What you have to do >> Restate every line of the material below word for word, skipping the images.
[[ Available data, beginning ]]
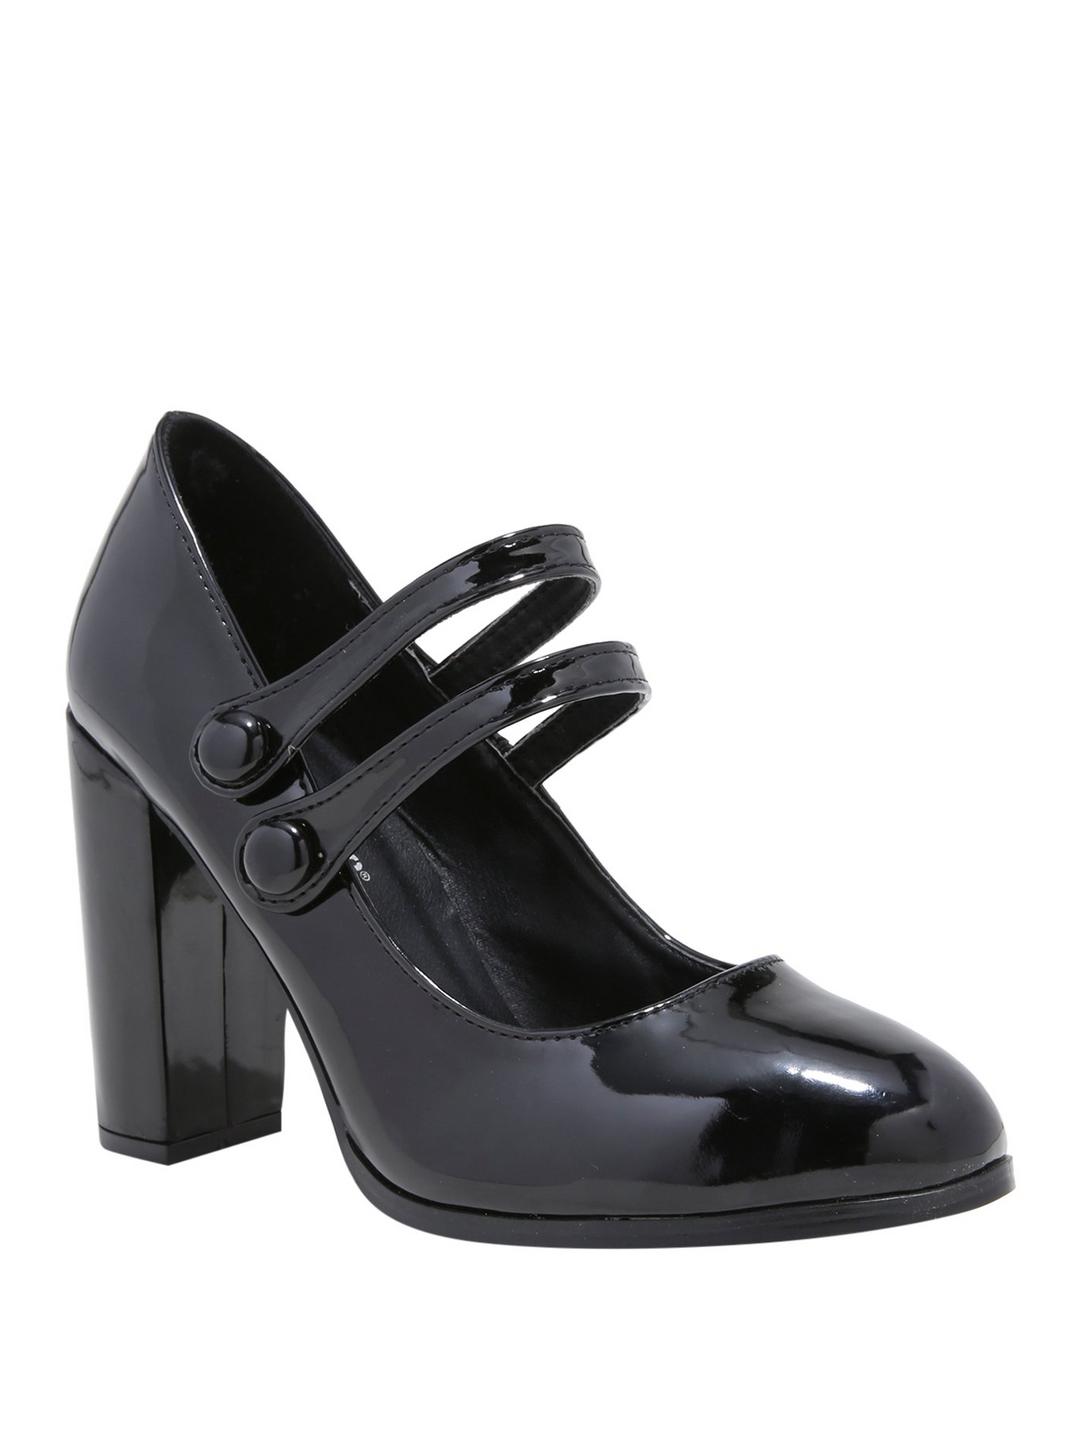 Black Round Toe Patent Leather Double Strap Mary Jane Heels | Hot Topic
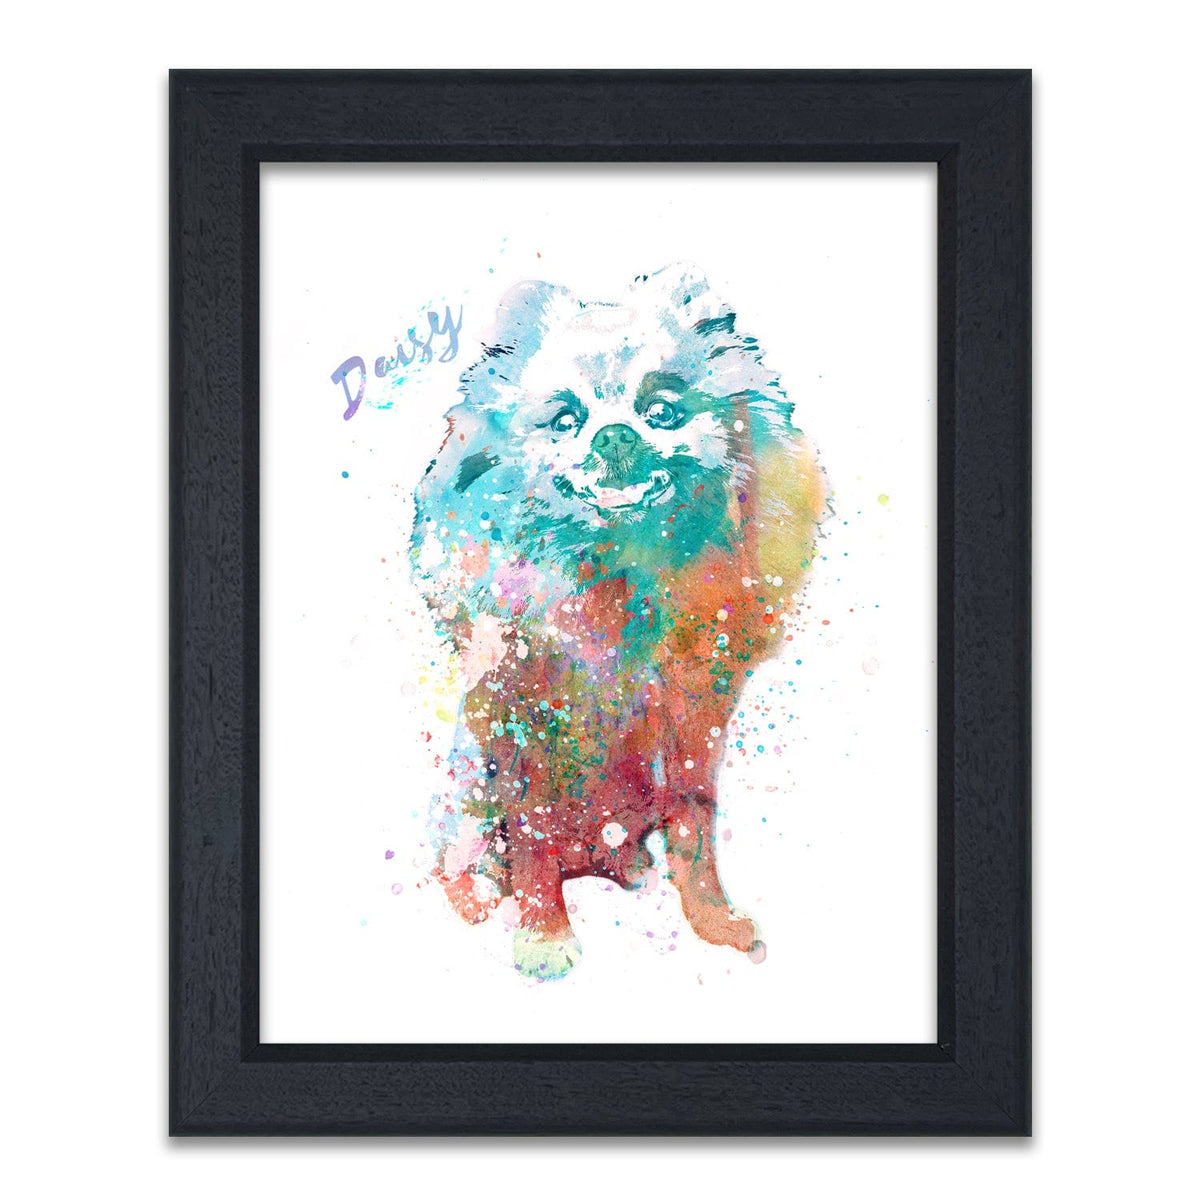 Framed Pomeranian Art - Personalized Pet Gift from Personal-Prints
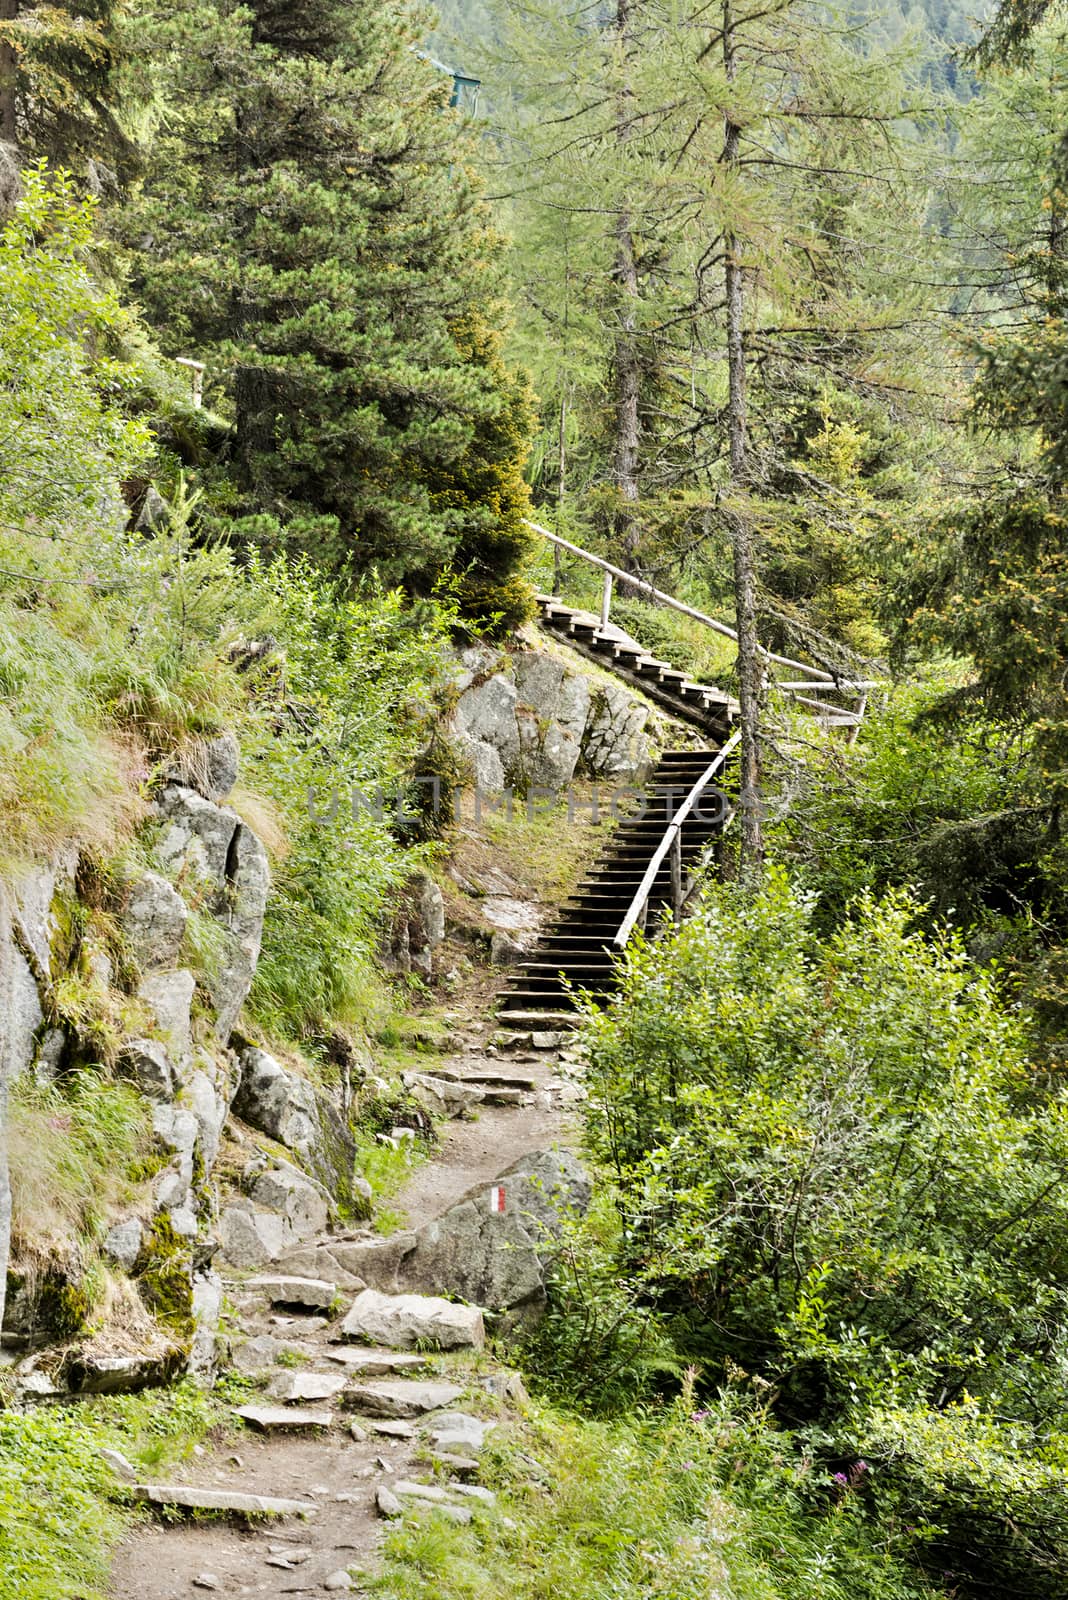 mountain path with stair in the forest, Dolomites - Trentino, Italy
[[ Available data, end ]]
Your response >>
 Black Round Toe Patent Leather Double Strap Mary Jane Heels | Hot Topic
 Framed Pomeranian Art - Personalized Pet Gift from Personal-Prints
 mountain path with stair in the forest, Dolomites - Trentino, Italy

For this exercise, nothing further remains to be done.